How the Principle of Alloys Works with Relationships and Team Building
1 + 1 = 2.
That shouldn’t come as much of a surprise to most readers, just hear me out. While this principle works when doing your first grade math homework, it doesn’t always apply in real life. Knowing how to combine things and people to make something greater than the sum of its parts is a master-level management skill in every part of your life.
This is the principle of alloys. In engineering, you make an alloy by combining metal with another element. This creates some of the most important material in our modern world, like steel.
Steel, in its simplest form, is iron mixed with carbon. The result is something much stronger than either component. It doesn’t rust as easily as iron, and it performs much better under tension and compression.
To put it another way, an allow takes 1 + 1 and turns it into 3. To do this in your life, you just have to pick the right 1’s.
Why Alloys Are Your Ally
When building a team or a community, you need to make an alloy.
If you are working on a project that requires a lot of coding, you hire programmers. But do you seek out programmers who all have similar backgrounds and experiences? No.
Teams are such powerful problem solvers because you can gather people with all different kinds of traits and hard earned know-how. When people face challenges, they come up with solutions. And the more they encounter the same kind of challenge, the more honed and brilliant those solutions become. Soon, it’s second nature to solve.
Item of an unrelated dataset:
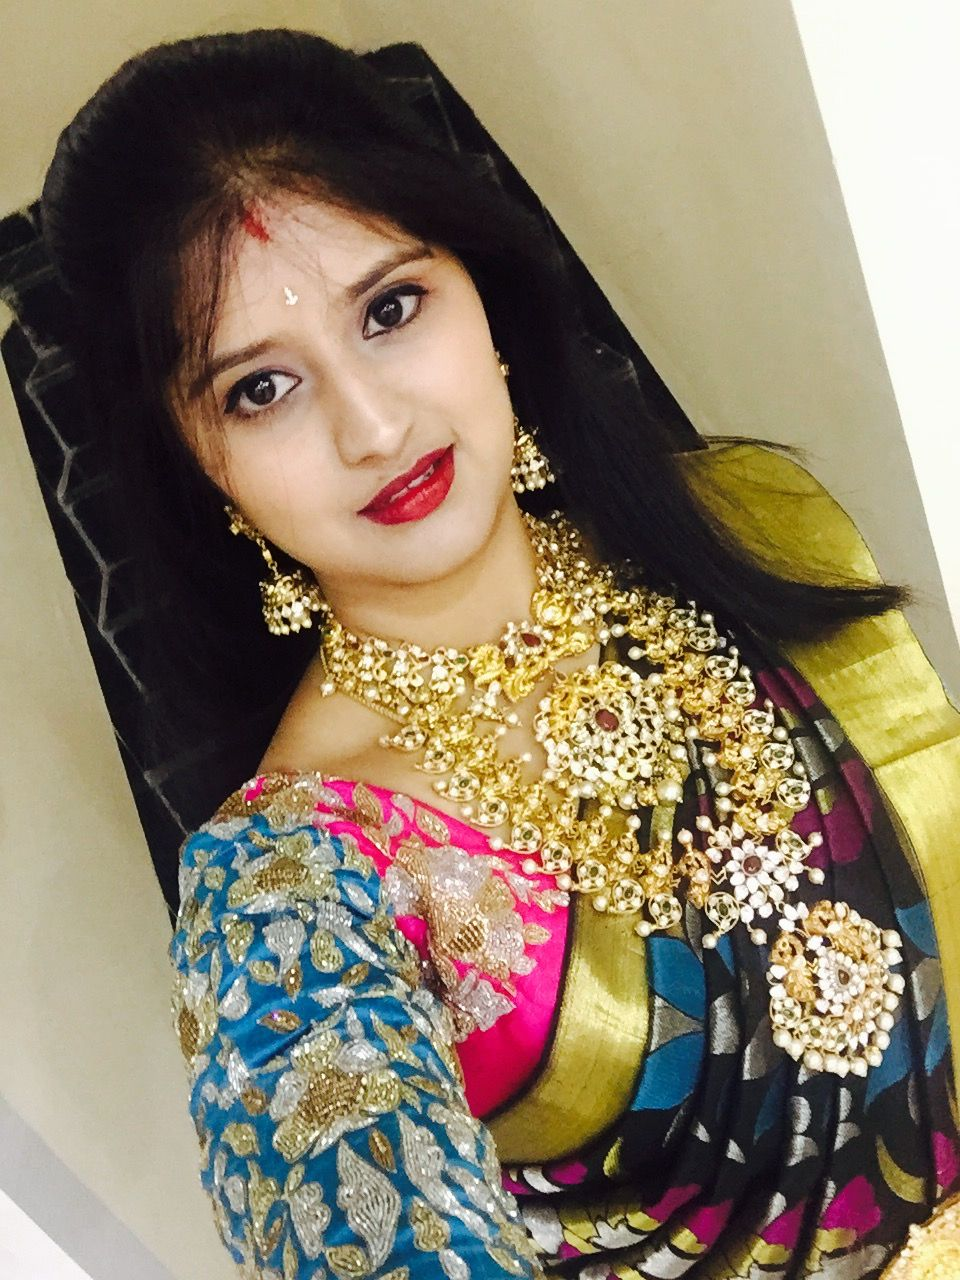 Saree jewellery images aish induri in heavy polki jewellery in black kanchipuram saree

So when we build teams, you radically expand your capabilities by bringing in people who have perfected different sets of solutions.
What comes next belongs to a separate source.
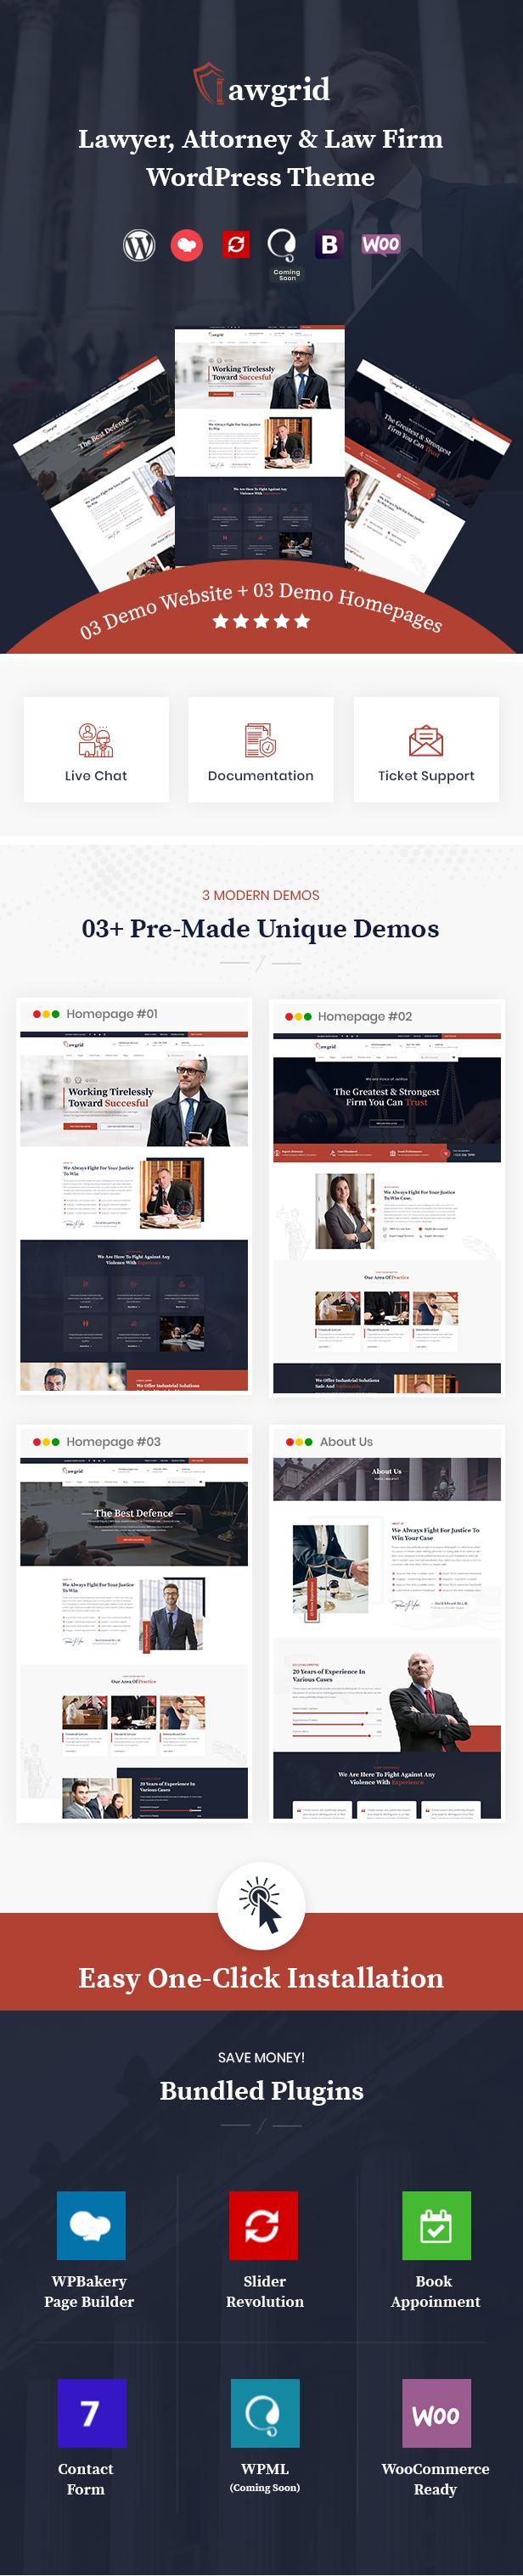 Lawgrid WordPress Thème

It’s still important that there’s some common ground, too. In the alloy metaphor, you aren’t making steel by combining mined ore with a poem. In your team, members have to be compatible enough to understand what the other is saying, but not so compatible that they finish each other's sentences.
So in our example, you hire coders who know how to work in the programming language you’ll be using. But they should have different experiences with what they’ve applied that language to.
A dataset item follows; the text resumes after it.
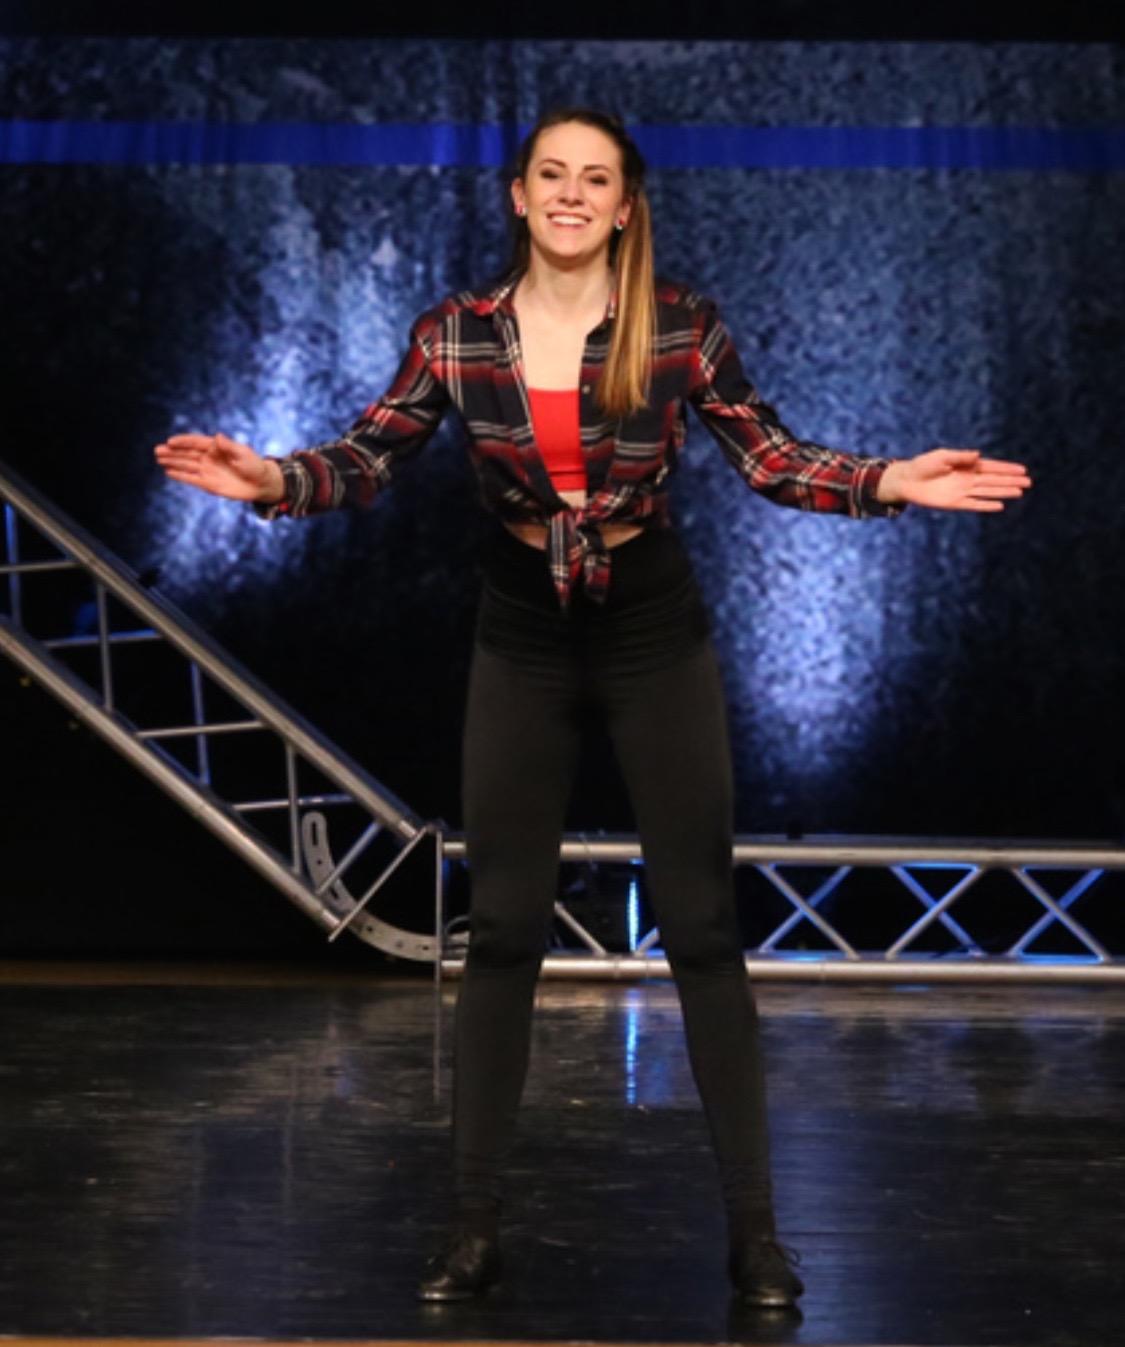 Hannah solo 2017

How to Know You’ve Made an Alloy
So how do you know you’ve made an alloy?
Sometimes, you just know. There are people who make you excited to get to work on the common goal, and you can have discussions with them that continue to improve the project. If you are having a great time while doing great work, you have an alloy.
But there are subtler varieties. If you have team members who become go-to resources for certain problems, you are likely on the right track. If there are tasks that bring multiple team mates together and they hit it out of the park, we’re in alloy territory.
Finding the right mix is art more than science, but the alloy is a powerful way to look at what you are trying to do. When you bring an individual into the team, what do they have that no one else does? What do they need that you can offer? The more answers you have to both these questions, the better the fit.
And then, like steel, your team will be tougher and perform better than any member could on their own. Or maybe, just maybe, you made 1 + 1 = 3.